On Fri, May 31, 2013 at 3:42 AM, Hervé Pagès <hpages at fhcrc.org> wrote:
> Hi Fabrice,
>
> With the loc2rsid() function (see code at the bottom) and using
> SNPlocs.Hsapiens.dbSNP.20100427 (I don't have
> SNPlocs.Hsapiens.dbSNP.20120608 installed at the moment):
>
>
> mylocs <- GRanges(Rle(c("ch22", "chM", "ch21", "ch22"), c(2, 2, 1, 1)),
> IRanges(c(200, 16369861, 146, 73, 9411609, 16051107),
> width=1))
>
> > mylocs
> GRanges with 6 ranges and 0 metadata columns:
> seqnames ranges strand
> <Rle> <IRanges> <Rle>
> [1] ch22 [ 200, 200] *
> [2] ch22 [16369861, 16369861] *
> [3] chM [ 146, 146] *
> [4] chM [ 73, 73] *
> [5] ch21 [ 9411609, 9411609] *
> [6] ch22 [16051107, 16051107] *
> ---
> seqlengths:
> ch21 ch22 chM
> NA NA NA
>
> Then:
>
> library(SNPlocs.Hsapiens.dbSNP.20100427)
>
> > loc2rsid(mylocs)
> CharacterList of length 6
> [[1]] character(0)
> [[2]] rs75258394 rs78180314
> [[3]] character(0)
> [[4]] character(0)
> [[5]] rs76676778
> [[6]] rs6518357
>
> You need to be careful to use the same chromosome naming convention as
> the SNPlocs package (which uses dbSNP naming convention). For example
> in the 'mylocs' object, the mitochondrial chromosome is named chM but
> in the SNPlocs package it's chMT:
>
> > getSNPcount()
> ch1 ch2 ch3 ch4 ch5 ch6 ch7 ch8 ch9
> ch10
> 1369185 1422439 1186807 1191984 1064540 1040203 977275 919207 740516
> 859433
> ch11 ch12 ch13 ch14 ch15 ch16 ch17 ch18 ch19
> ch20
> 855225 822825 615382 543041 499101 556394 464686 482359 375259
> 450685
> ch21 ch22 chX chY chMT
> 253480 244482 445596 53908 667
>
> This is why the locations on chM are not mapped to anything. But
> after renaming:
>
> > seqlevels(mylocs)[3] <- "chMT"
> > seqlevels(mylocs)
> [1] "ch21" "ch22" "chMT"
>
> > loc2rsid(mylocs)
> CharacterList of length 6
> [[1]] character(0)
> [[2]] rs75258394 rs78180314
> [[3]] rs72619361
> [[4]] rs3087742
> [[5]] rs76676778
> [[6]] rs6518357
>
> they get mapped.
>
> The CharacterList object returned by loc2rsid() can be set as a
> metadata column of the input GRanges object:
>
> > mcols(mylocs)$rsid <- loc2rsid(mylocs)
> > mylocs
> GRanges with 6 ranges and 1 metadata column:
> seqnames ranges strand | rsid
> <Rle> <IRanges> <Rle> | <CharacterList>
> [1] ch22 [ 200, 200] * |
> [2] ch22 [16369861, 16369861] * | rs75258394,rs78180314
> [3] chMT [ 146, 146] * | rs72619361
> [4] chMT [ 73, 73] * | rs3087742
> [5] ch21 [ 9411609, 9411609] * | rs76676778
> [6] ch22 [16051107, 16051107] * | rs6518357
> ---
> seqlengths:
> ch21 ch22 chMT
> NA NA NA
>
> Hope this helps,
> H.
>
>
> ## Maps the genomic locations in 'locs' to the corresponding rs ids.

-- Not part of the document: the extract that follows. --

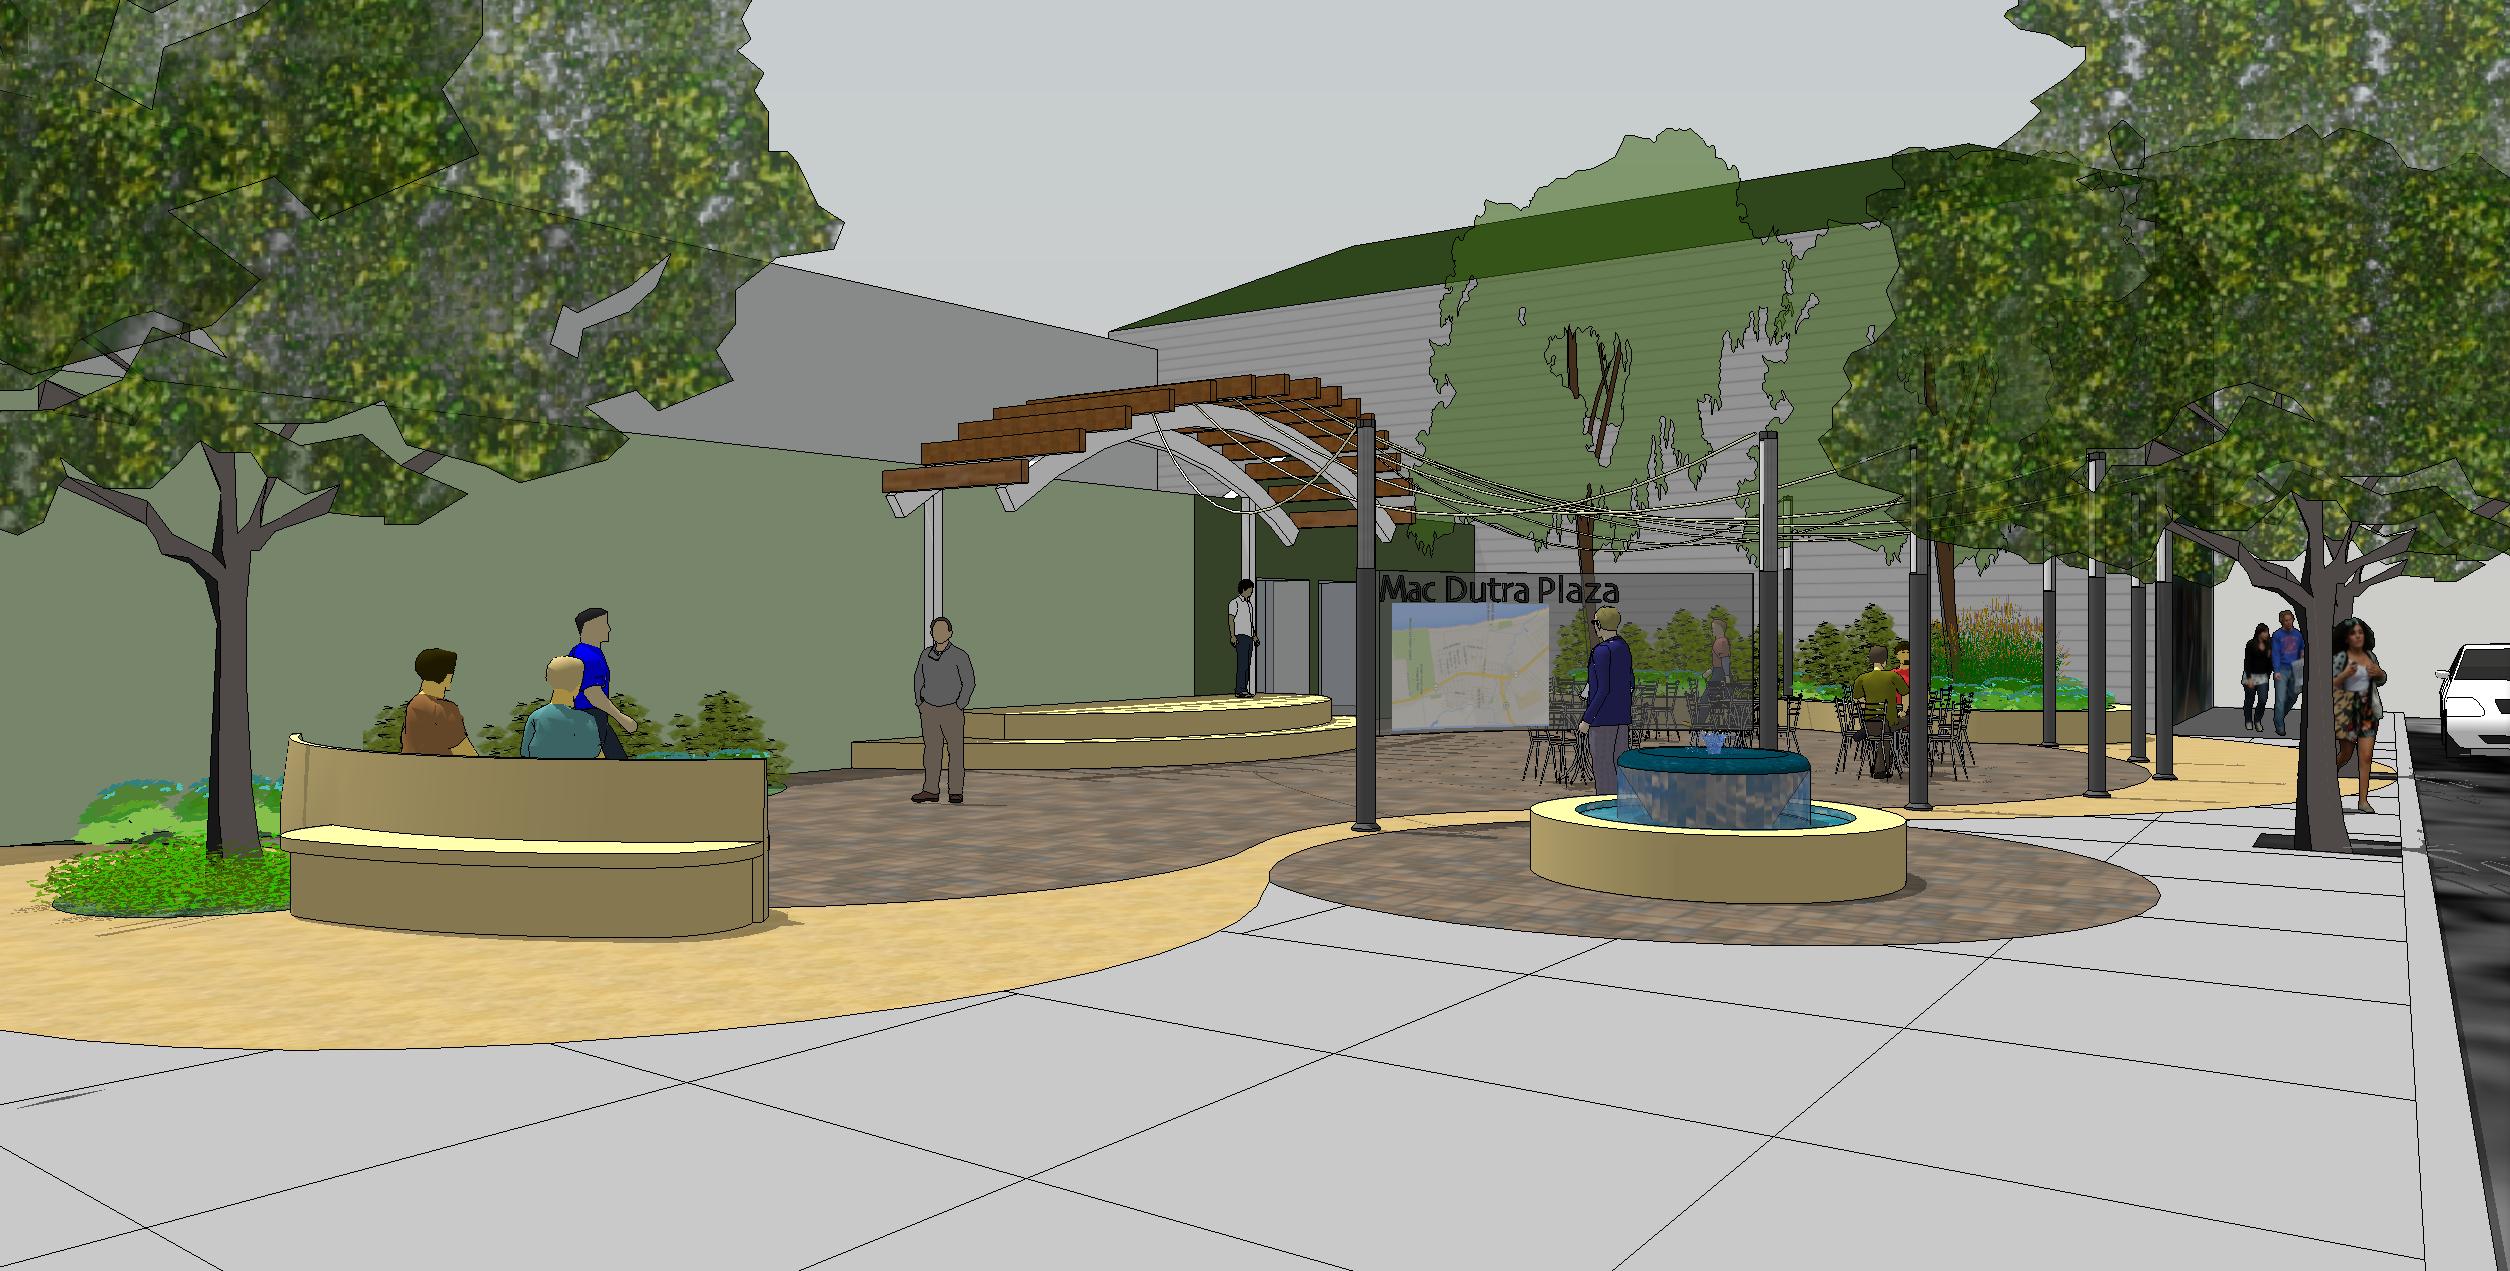 Very MacDutra Plaza - Half Moon Bay, CA - Kikuchi + Kankel Design Group FU28

> ## 'locs' must be a GRanges object where all ranges are of with 1.
> ## Because dbSNP can assign distinct ids to SNPs located at the same
> ## position, the mapping is a 1-to-many relationship.
> ## Returns a CharacterList of the same length as 'locs'.
> loc2rsid <- function(locs)
> {
> if (!is(locs, "GRanges"))
> stop("'locs' must be a GRanges object")
> if (!all(width(locs) == 1L))
> stop("all ranges in 'locs' must be of width 1")
> common_seqlevels <- intersect(seqlevels(locs), names(getSNPcount()))
> if (length(common_seqlevels) == 0L)
> stop("chromosome names (a.k.a. seqlevels) in 'locs' don't seem to ",
> "be\n compatible with the chromosome names in the SNPlocs ",
> "package. Maybe they\n use a different naming convention? ",
> "If that's the case then you first need\n to rename the ",
> "seqlevels in 'locs'. See '?seqlevels' for how to do this.")
> f <- as.factor(seqnames(locs))
> locs_by_chrom <- split(start(locs), f)
> rsids_by_chrom <- lapply(seq_along(locs_by_chrom),
> function(i)
> {
> seqname <- levels(f)[i]
> locs2 <- locs_by_chrom[[i]]
> ans2 <- vector("list", length=length(locs2))
> if (length(locs2) == 0L || !(seqname %in% common_seqlevels))
> return(ans2)
> snplocs <- getSNPlocs(seqname, as.GRanges=FALSE)
> hits <- findMatches(locs2, snplocs$loc)
> rsids <- paste0("rs", snplocs$RefSNP_id[subjectHits(hits)])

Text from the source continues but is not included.